There is a pool. It is not mine, but for now, it is mine. I have stood under the midday sun stroking the pool’s floor with a strange vacuum that sucks up the slimy stuff and leaves clean behind, but until today, three weeks in to my month long exile in this beautiful place, I felt no affinity for the pool.
Though I’ve tended to its needs, I never put a toe into it until yesterday when the heat blackmailed me into dipping my body into the water that is clearly not my element. And my conversion was so complete that today, I was actually disappointed to hear the rumble of thunder when I went back, ready to give myself to the pool again.
My relationship with water is not altogether clear cut. No right angles or black lines about it. Though it is not my element of natural affinity, I love rain. Soft rain, steady rain, torrential rain, storms of any kind. I also love the ocean. I fear the ocean. I succumb to the ocean, but awkwardly. My children tease me for the uncomfortable way I enter and exit the surf. But when I am held up by the gentle mountains of water during the quiet tide, I feel the emptiness of space enter me.
Lying there atop the swells, I think about the way every inch of my world is full of something tangible. People, coffee pots, computers, wooden spoons, grassy fields, forested mountains, huge oceans and an atmosphere of gassy atoms that sneak in to every cell of my body without my knowing it.
Water does not change any of that, obviously, but the way it seems to defy physics by lifting my weight off my feet and cradling me—doesn’t that seem like an open door to all possibility, even emptiness?
The good emptiness of naked space and naked time.

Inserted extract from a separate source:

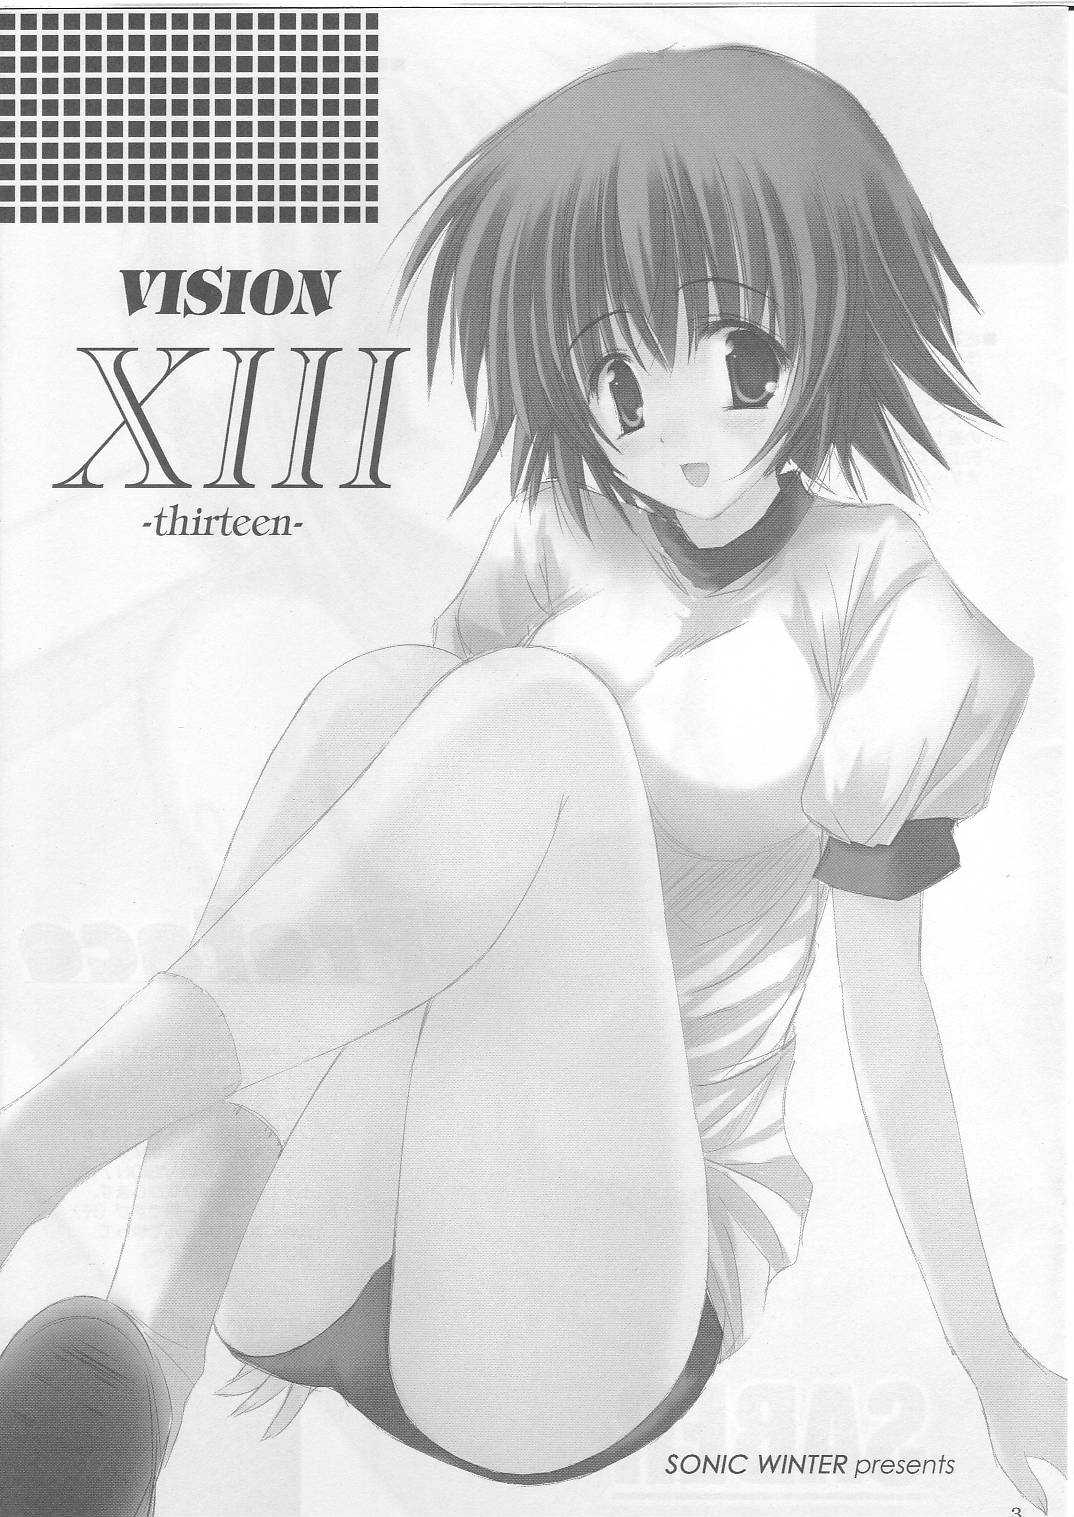 [Sonic Winter] Vision Xiii (Fate Stay Night, To Heart 2)

When I was young, the future was empty, for I had not invented it yet. I still have a future and I am still inventing it, but the space that the future inhabits seems less empty. Not to mention all the trajectories of my already-lived time. They shoot out possible futures ahead of me like laser beams.
Lying in water, even a swimming pool, lets me for a moment feel the space of time yawning at my fingertips, full of possibility.
Words and color, images, music, even my spirit guides – the intangibles that fill the spaces that are not spaces – have a chance to enter my head when my eyes are closed, my ears muffled by the water and my body lifted improbably by a substance I can drink, or that can disappear into a mound of sand.